APL was developed when parsing technology and the art and science of programming language design were just emerging. It is only now that we understand, from experience and information theory, that trying to assign meaning to any possible combination of tokens is a bad idea. Spartan syntax, pervasive overloading, uniformity (everything is an array), lack of types all might seem like good ideas. The reality is quite more complex.

How to liberate APL from its style? For three years, I have been trying to explain APL ideas to bright sophomores, by implementing step by step a small array DSL embedded in OCaml. The students never heard of OCaml, let alone APL. This page is to give a taste of that seminar course and tell what came out of it: a new understanding of Game of Life and Plasma Fractals, leading to many tantalizing extensions.



This page collects the material for the seminar course on APL-like programming, and related tutorial and talks. The goal is not implementing APL. It is not even to learn to program in APL or its dialect. The goal is to understand APL's appeal, ideals and enduring ideas, and realize them in one's favorite language.

There is hardly a better way to understand an idea than discovering it for themselves, in the process of solving a practical problem (or, at least, an exercise). Therefore, the course is structured around the progression of specially selected exercises, implementing common tasks of array processing. The result is a simple array processing DSL. Solving an exercise is only half the job. The other half is looking back at the solutions, trying to discern common patterns -- and, when found, naming them and using consciously from now on.

Besides the useful array processing DSL and a set of named common patterns (combinators), the result is the experience of looking at computation from a higher point of view: higher than loops or recursion; seeing, and making explicit, data flow; using, taking performance advantage of, and designing operations on whole arrays.

The main ideas are very old. We are going back to the origins of procedural, flowchart, and modular programming: the ideas of Iverson, McIlroy, Parnas, Goguen -- but look at them with today's eyes and using today's languages.

The course deliberately uses a very simple subset of OCaml: essentially, typed lambda-calculus with some data types and constants. No libraries or packages beyond the standard OCaml library are needed. The code can be easily re-implemented in Scala, Haskell, F#, Rust -- probably Swift and even Java or Python.
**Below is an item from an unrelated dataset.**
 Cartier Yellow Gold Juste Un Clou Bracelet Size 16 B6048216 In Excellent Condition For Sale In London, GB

The knowledge of neither APL nor OCaml is presupposed. I tell the students that I explain the needed bits of OCaml as we go along. They seemed to have picked OCaml quickly.

Tutorial at <Programming>'23
<> [37K]
The complete code used at the tutorial [32K]
A bit more extended code used over three years in an actual course. The code also includes operations such as tiling and searching.


A bit of history

`Iverson notation', as APL was first known, was developed as a teaching aid, to explain (business) data processing and algorithms such as simplex algorithm often used in economic planning. Iverson states his motivation as follows:
``Applied mathematics is concerned with the design and analysis of algorithms or programs.
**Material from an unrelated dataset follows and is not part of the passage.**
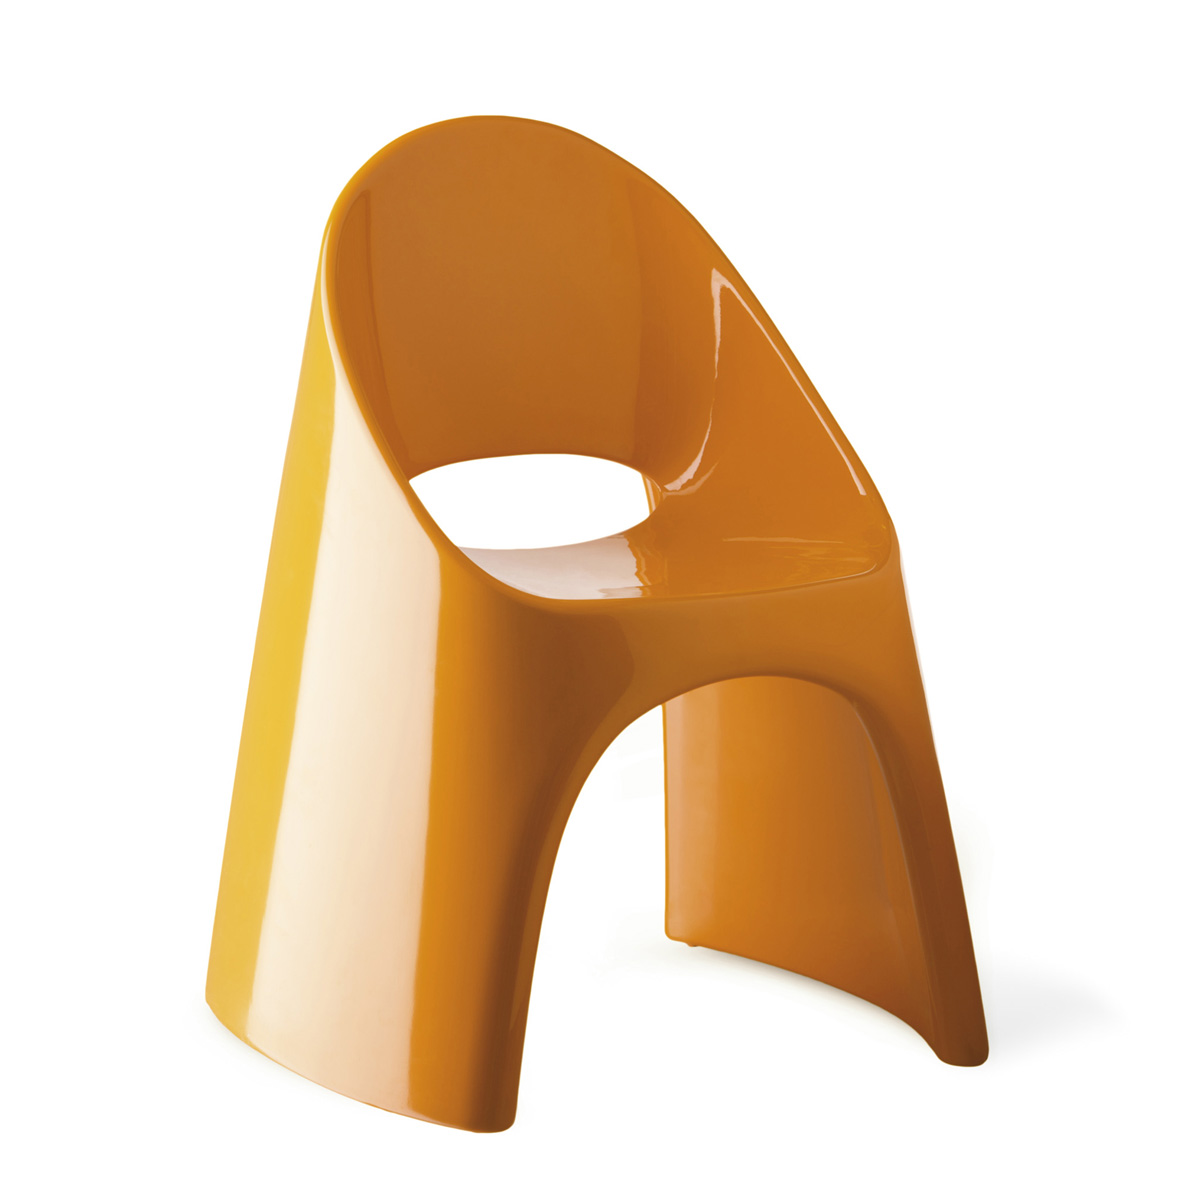 Amelie chair from Slide

The systematic treatment of complex algorithms requires a suitable programming language for their description, and such a programming language should be concise, precise, consistent over a wide area of application, mnemonic, and economical of symbols; it should exhibit clearly the constraints on the sequence in which operations are performed; and it should permit the description of a process to be independent of the particular representation chosen for the data.
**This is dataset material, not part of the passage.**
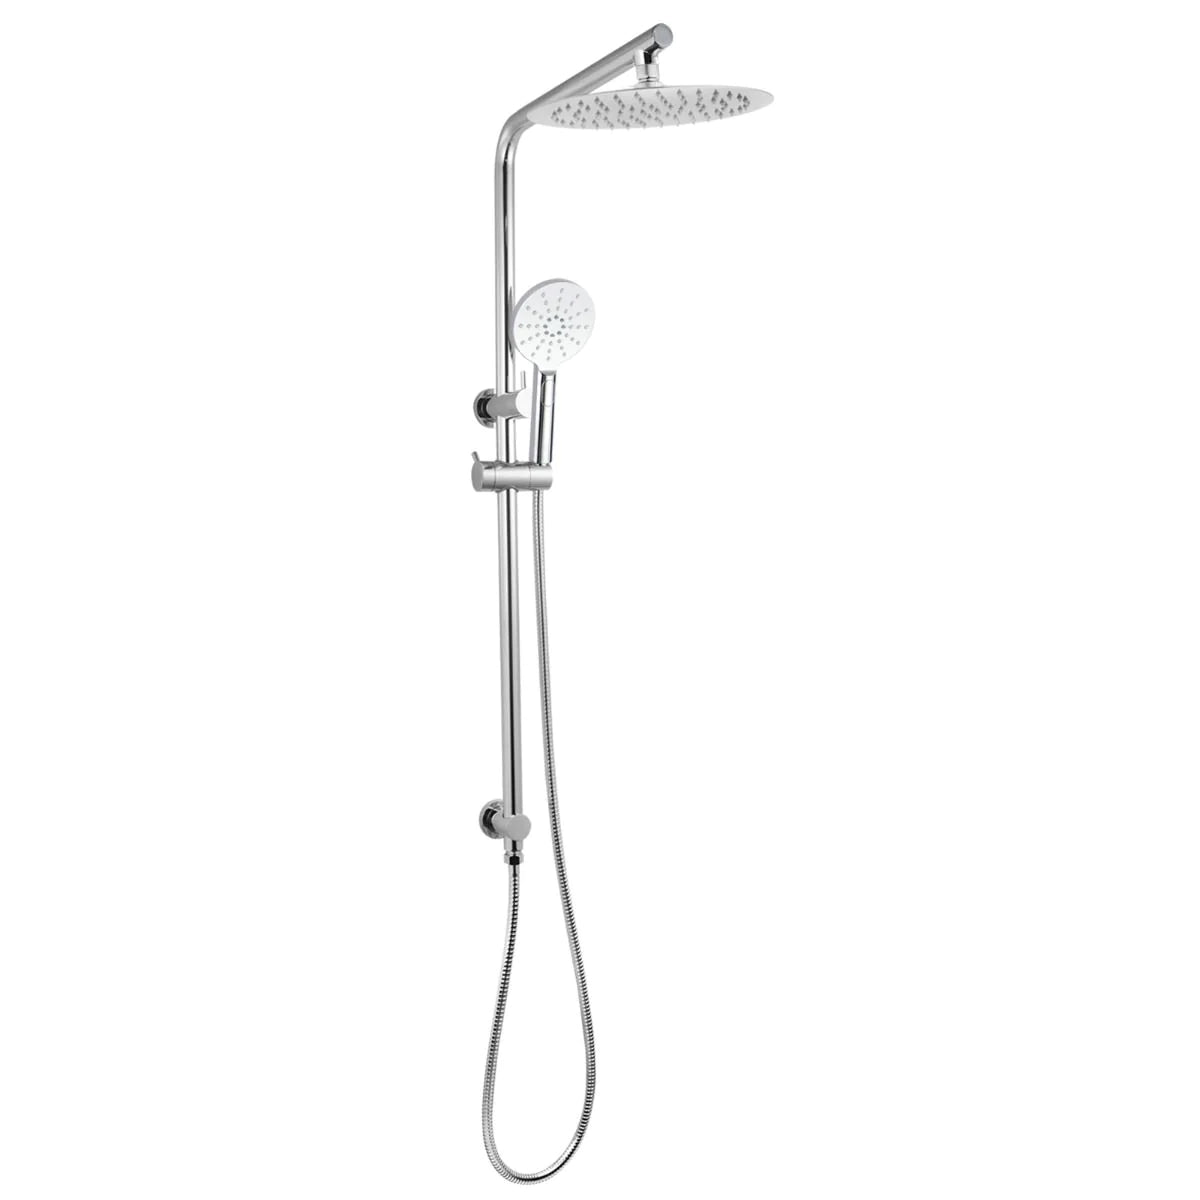 10" Right Angle Round Shower Station:Top Inlet, Modern Design-Chrome-CH2128-A-SH-N+CH0007-SH+CH-R11-HHS

Existing languages prove unsuitable for a variety of reasons.''

(``A Programming Language'', 1962)

The idea of notation as a language was further developed in ``Algebra as a Language'', Appendix A of the book Algebra: An Algorithmic Treatment, 1972.

APL is an old language, with a long and rich history. The following are just a few notable milestones:

D.B. McIntyre. Language as an intellectual tool: From hieroglyphics to APL. IBM Systems J., v30, N4, 1991, pp. 554-581
Much longer view, starting from the numerical notation used in ancient Egypt

K.E. Iverson. A personal view of APL. IBM Systems J., v30, N4, 1991, pp. 582-593


Vantage point

The standard example to make an impression, the example that appears in almost any APL introduction is computing the mean value of an array of numbers. It is a very old example. One of its early, notable appearances is in a technical report by then master student Gary Kildall.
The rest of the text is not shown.